United States President Donald Trump’s decision to impose tariffs of up to 50 per cent on Indian goods took effect on Wednesday, heightening trade frictions between Washington and New Delhi despite their deepening strategic ties.
The new levy combines an earlier 25 per cent duty on a wide range of Indian exports with an additional 25 per cent penalty linked to India’s continued purchases of Russian oil. The measure now affects key exports such as garments, gems and jewellery, footwear, sporting goods, furniture and chemicals — placing India among countries facing the steepest U.S. tariff rates, alongside China and Brazil.

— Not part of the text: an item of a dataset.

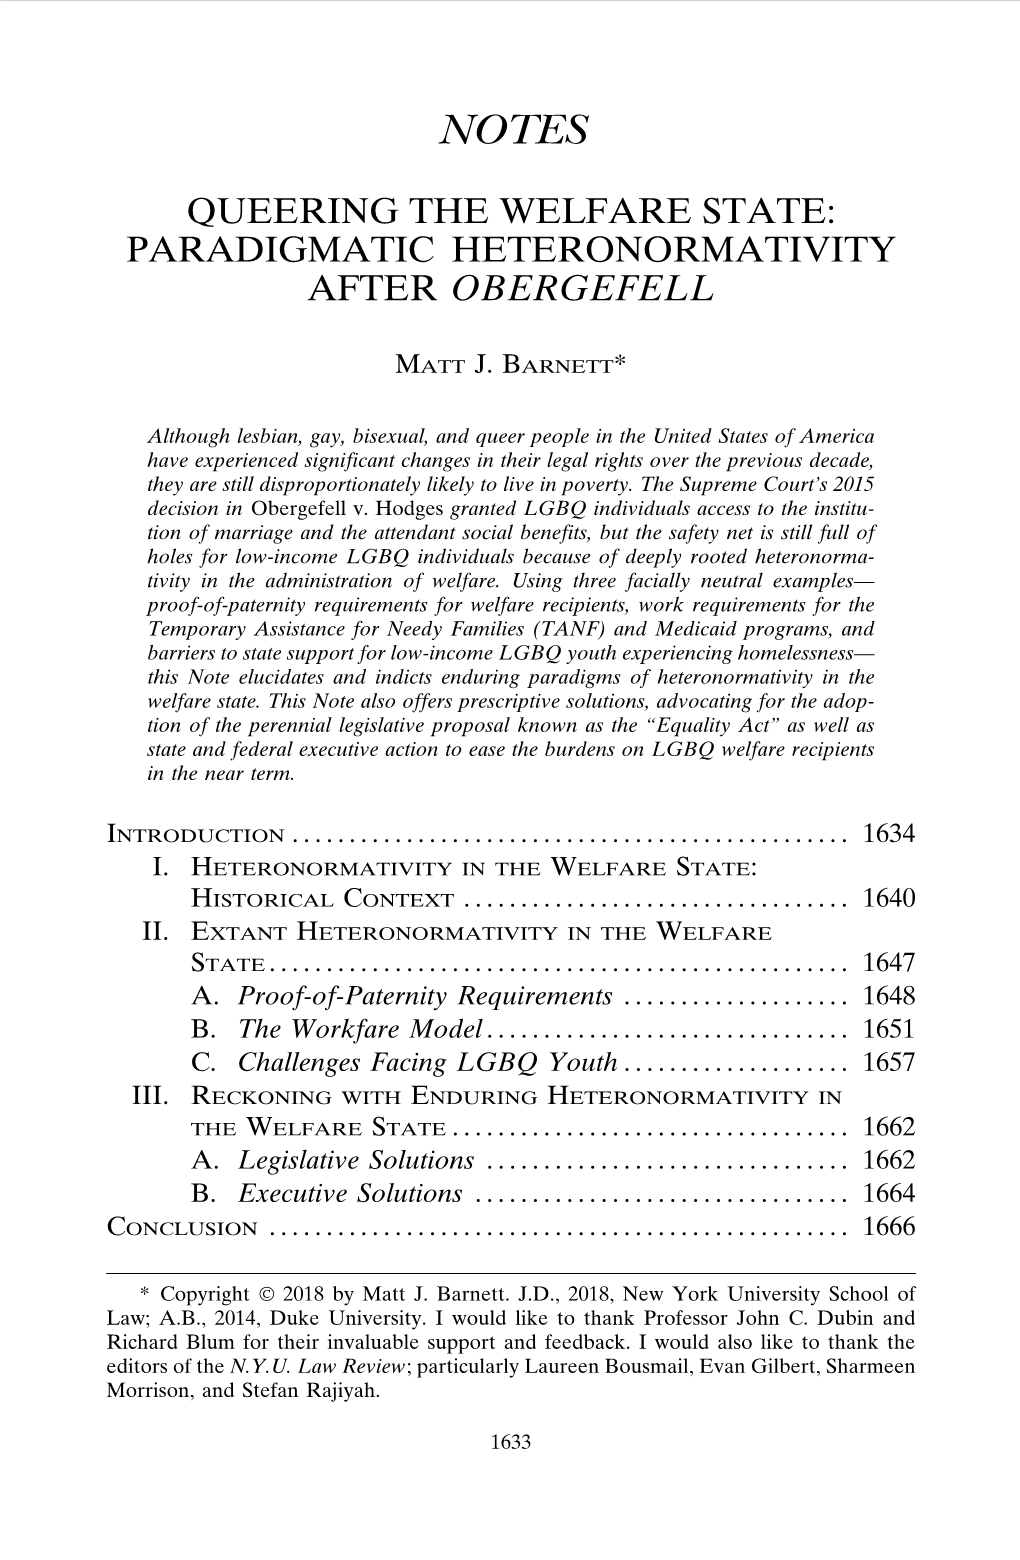 Queering the Welfare State: Paradigmatic Heteronormativity After Obergefell

The move poses a serious challenge to India’s small exporters and risks significant job losses, particularly in Prime Minister Narendra Modi’s home state of Gujarat. Officials at the Commerce Ministry said the government would provide support to affected businesses and encourage them to seek alternative markets in China, Latin America and the Middle East.
A U.S. Customs and Border Protection notice offered temporary relief by allowing goods already in transit to enter at the previous lower tariff rate until 17 September. Duties imposed separately on steel, aluminium, passenger vehicles, copper and other products under U.S. national security provisions remain in place.

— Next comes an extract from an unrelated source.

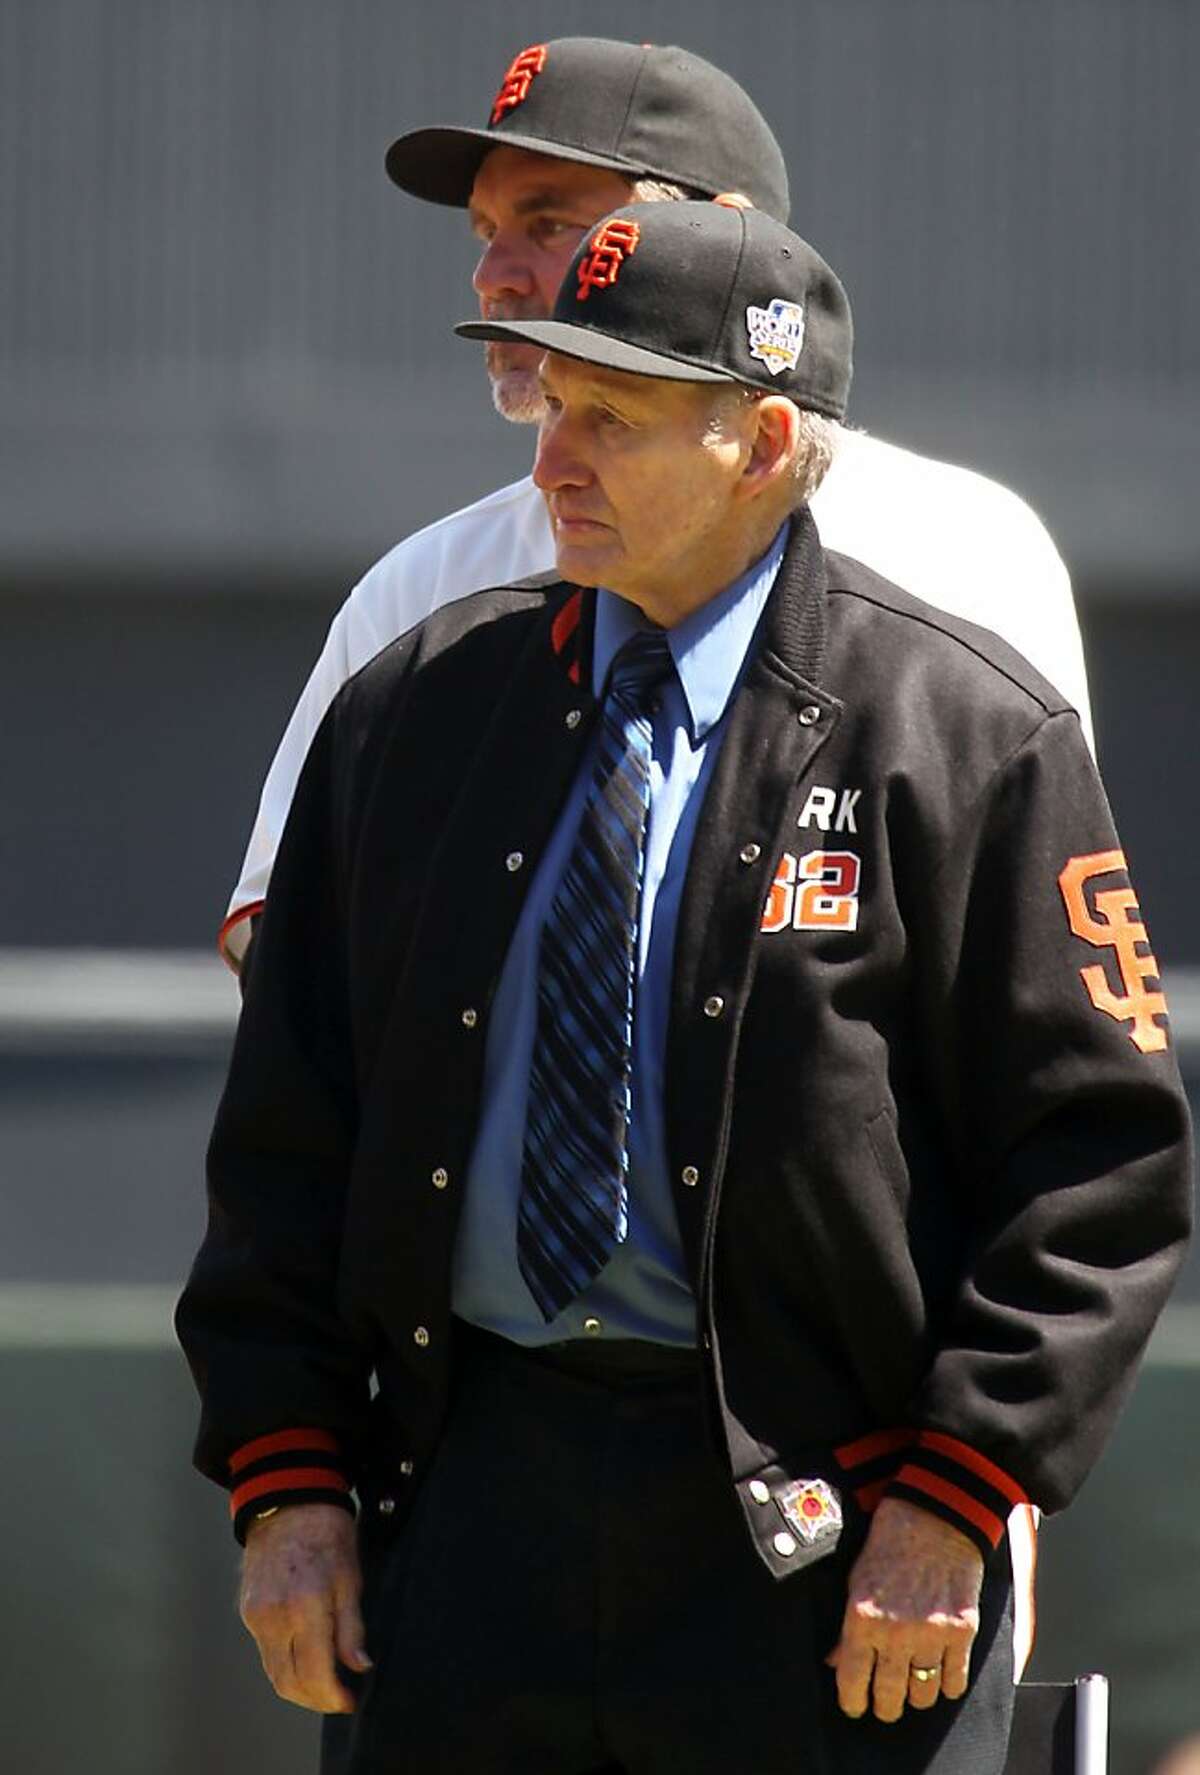 San Francisco Giants Manager Bruce Bochy, rear, stands with former New York Giants manager Alvin Dark, who led the 1961-63 team when they won the pennant. Members of that team were honored Friday April 13, 2012, prior to the start of the Giants and Pittsburgh Pirates game on opening Day in San Francisco. Giants won 5-0.

The tariff escalation follows five failed rounds of negotiations. Indian negotiators had lobbied for a cap at 15 per cent, in line with concessions extended to Japan, South Korea and the European Union. However, White House trade adviser Peter Navarro confirmed the administration would press ahead with the higher rate without compromise.
Trade analysts warn that the tariffs could hit more than half of India’s $87 billion merchandise exports to the U.S., creating openings for competitors such as Vietnam, Bangladesh and China. The development also threatens India’s ambition to position itself as a viable alternative to China in the global electronics and smartphone supply chain.
The dispute unfolds against the backdrop of expanding security and diplomatic cooperation between the two democracies. Only a day before the tariffs took effect, the U.S. State Department and India’s Ministry of External Affairs issued identical statements reaffirming their partnership, including collaboration through the Quad alliance with Australia and Japan.
With two-way trade valued at $129 billion in 2024 and a U.S. trade deficit of $45.8 billion, both sides are under increasing pressure to find a resolution before economic tensions begin to erode broader political relations.